Elle se réserve, tant pour elle que pour ses ayants droit et les personnes envoyées de sa part, pendant le temps qu’ils feraient leur séjour au Tremblay, plusieurs chambres à coucher notamment  «  la chambre régnant au-dessus de la porte charretière et d’entrée de la ferme, ayant vue tant sur la cour de la dite ferme que sur la place » Elle exige également la mise à disposition  « d’une place dans une des écuries pour deux chevaux et une autre place sous la remise pour la voiture. »

 

Le contrat de location de la ferme fourmille de prestations dues par les fermiers. Ainsi sont-ils tenus de livrer « à la bailleresse » en sa demeure de Paris, aux époques choisies par elle, « 18 canards ou 6 dindons à son choix bons, gras, gros, vifs et en plumes. »

 

Bien entendu, c’est sur le prix de location des terres que la rapacité de la comtesse se manifeste dans toute son ampleur. Le bail a été conclu moyennant la somme de 15 500 francs de fermage annuel que M. et Mme Triboulet se sont obligés conjointement et solidairement de payer à la comtesse de Gourgues, à Aulnay ou à Paris, en la demeure de la bailleresse. Le paiement s’effectue en 3 versements égaux, le 25 décembre, 1er avril et 24 juin de chaque année.

 

Il a été expressément convenu entre les parties qu’à défaut de paiement de deux termes consécutifs du fermage à leurs échéances, le bail demeurerait résilié de plein droit, « si bon semblait à Mme la comtesse de Gourgues, un mois après un simple commandement  resté sans effet et sans qu’il fut besoin d’aucune formalité judiciaire. » Aux termes mêmes du contrat le paiement du fermage ne peut avoir lieu « qu’en espèces métalliques d’or ou d’argent et non autrement, nonobstant toute loi ou décret contraires, au bénéfice desquels les preneurs ont renoncé d’honneur. »

 

Ainsi donc, entre autres clauses léonines, le contrat imposé par la comtesse contient l’engagement d’honneur du preneur de renoncer aux dispositions de la Loi !

 

Le loyer annuel de 15 500 francs acquitté par le fermier doit être rapporté au montant de l’enchère adjugée à Monsieur Fontaine pour 360 000 francs. Comparé à ce montant, le revenu net de la ferme est donc de 4,30%, net d’impôt, ceux-ci étant intégralement à la charge du fermier. On peut comparer le rendement financier du patrimoine de la Comtesse de Gourgues à celui des Turgot.

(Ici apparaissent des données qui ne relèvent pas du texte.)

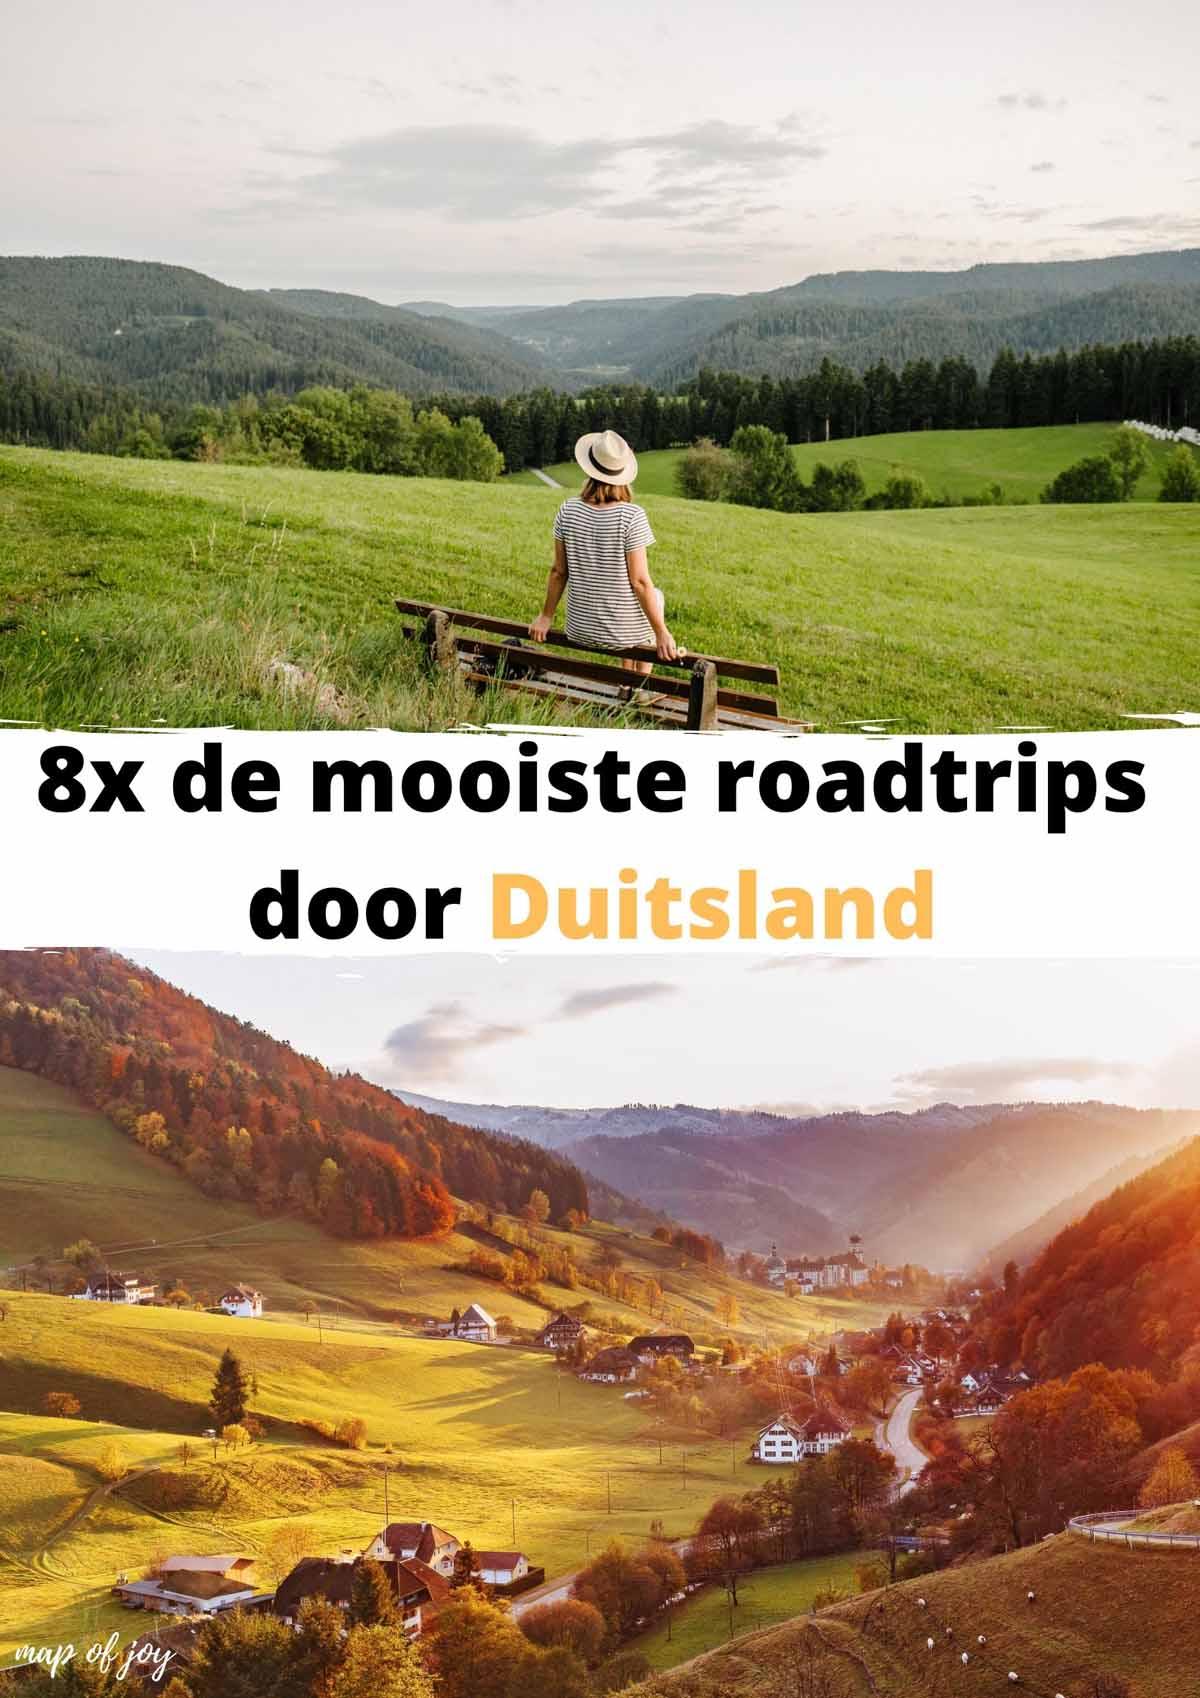 8x de mooiste roadtrips door Duitsland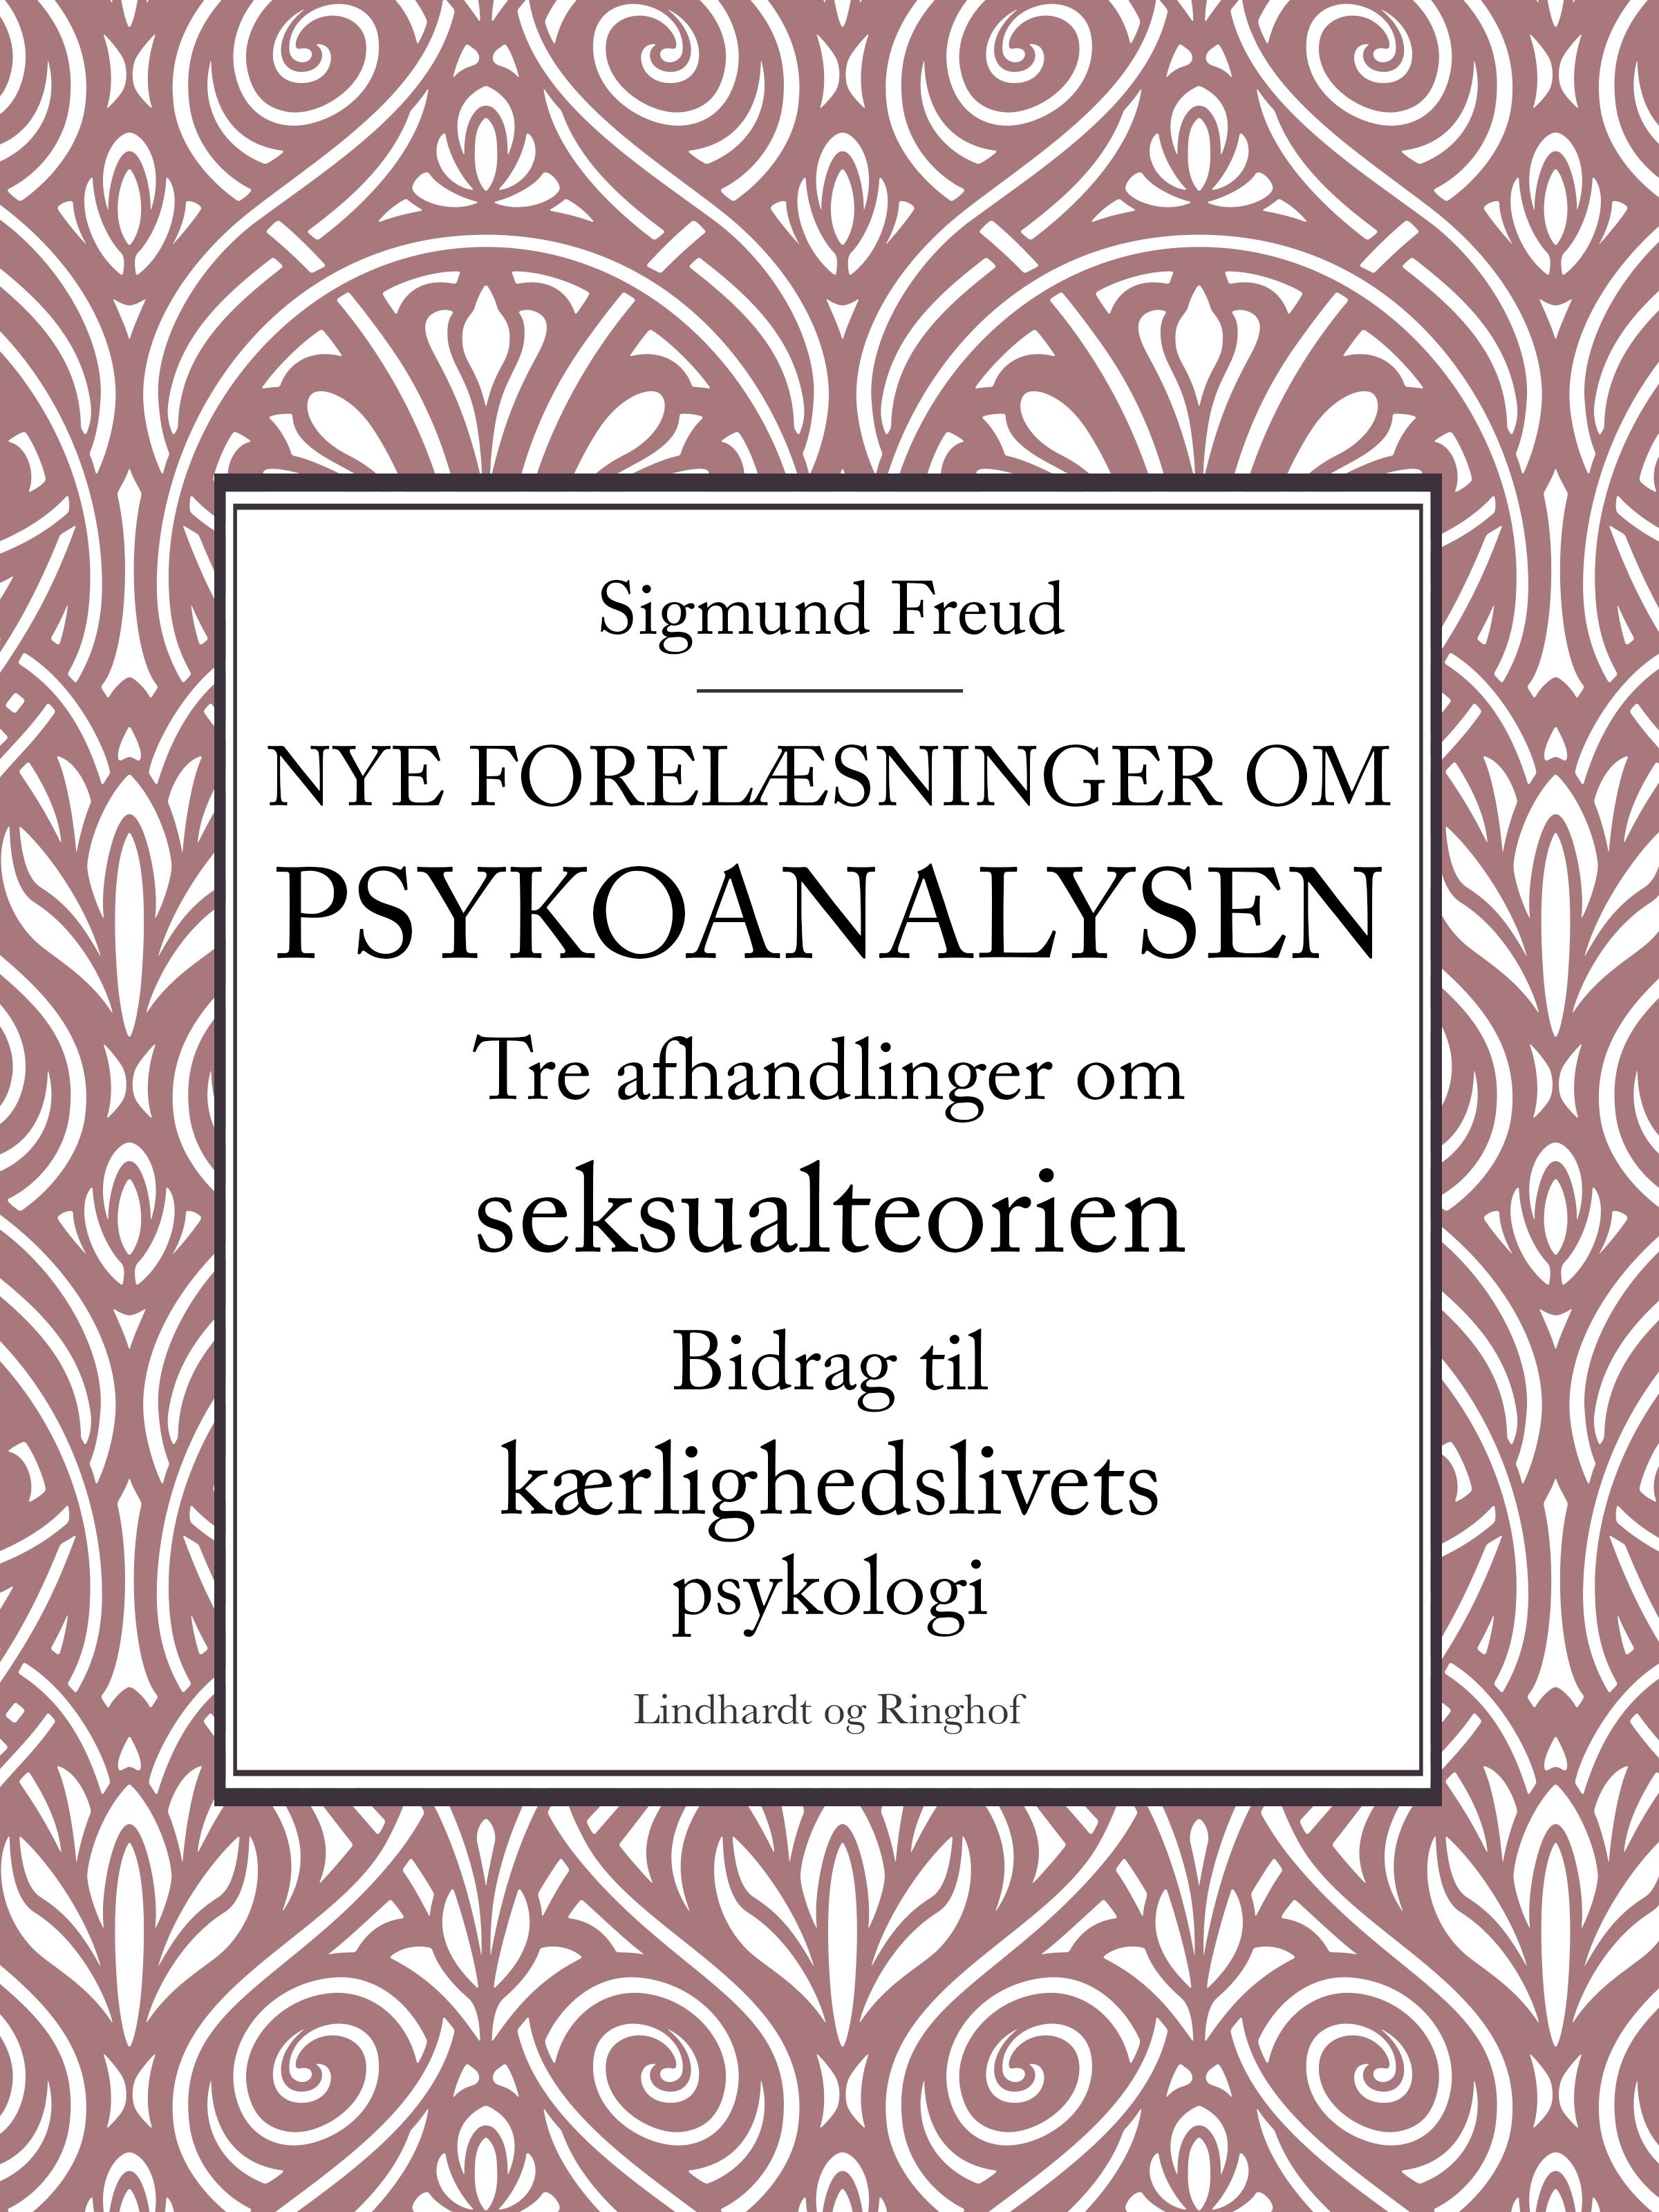 N/A Nye forelæsninger om psykoanalysen. tre afhandlinger om seksualteorien. bidrag til kærlighedslivets psykologi - e-bog fra bog & mystik

Leur ferme, adjugée à Monsieur Fontaine pour 253.000 francs, est confiée à leur fermier pour un loyer annuel de 10 000 francs, soit un rendement de 2,53 %.

 

A la sûreté et garantie du paiement des fermages, M. et Mme Triboulet ont affecté, obligé et hypothéqué spécialement, 31 pièces de terre situées sur les territoires de Mitry, Villepinte et Tremblay, mais jusqu’à concurrence de 50 000 francs seulement, somme qui représente tout de même plus de trois années de fermage.  Mais comme toutes ces garanties ne suffisent pas à la Comtesse, les Triboulet ont recours à la caution d’un de leurs parents, Monsieur Eugène  Honoré Triboulet, marchand papetier demeurant à Paris, rue Saint-Martin, n° 192. Ce dernier, après avoir pris communication du dit bail a déclaré « se rendre et se constituer caution et répondant solidaire de M. et Mme Triboulet preneurs, envers Mme la comtesse de Gourgues qui l’a accepté, en conséquence il s’est obligé, solidairement avec les dits sieur et dame Triboulet, au paiement exact des fermages du dit bail. »

 

L’article 13 du contrat de fermage  précise que  le loyer de la ferme ne saurait souffrir la moindre diminution. Même en cas de cataclysmes naturels les fermiers ne peuvent espérer « aucune diminution du fermage stipulé pour raison de grêle, gelée, pluie, inondation, sécheresse et autres cas fortuits prévus et imprévus qui détruiraient une partie des récoltes. »

 

 

Une convention particulière précise les contrôles que la comtesse pourra diligenter, aux frais de ses fermiers. « Il a été convenu que la bailleresse aurait le droit faire visiter les terres affermées, toutes les fois qu’elle le jugerait convenable, par des experts qui seraient payés par les preneurs, pour s’assurer de l’état des dites terres, et s’il était reconnu, au dire des experts, qu’elles n’étaient pas en état de culture et fumure convenables, les dits preneurs seraient tenus d’employer immédiatement avec leurs propres fonds les sommes jugées nécessaires à cet effet par les mêmes experts à les mettre en bon état, selon que des terres cultivées et amendées doivent l’être, et faute par eux de ce faire, la bailleresse demeurerait autorisée par les dits preneurs à se faire attribuer, sur le prix des immeubles hypothéqués par les preneurs et les arbitrages qui pourraient être rendus par suite des poursuites par elle exercées pour inexécution de cette clause, une somme de 20 000 francs à employer jusqu’à épuisement à l’amélioration des dites terres. »

 

Un contrat interdisant tout recours aux techniques innovantes

 

 

Le contrat de fermage passé entre la comtesse de Gourgues et les Triboulet détaille les techniques de culture à mettre en œuvre à la ferme du Château. (14)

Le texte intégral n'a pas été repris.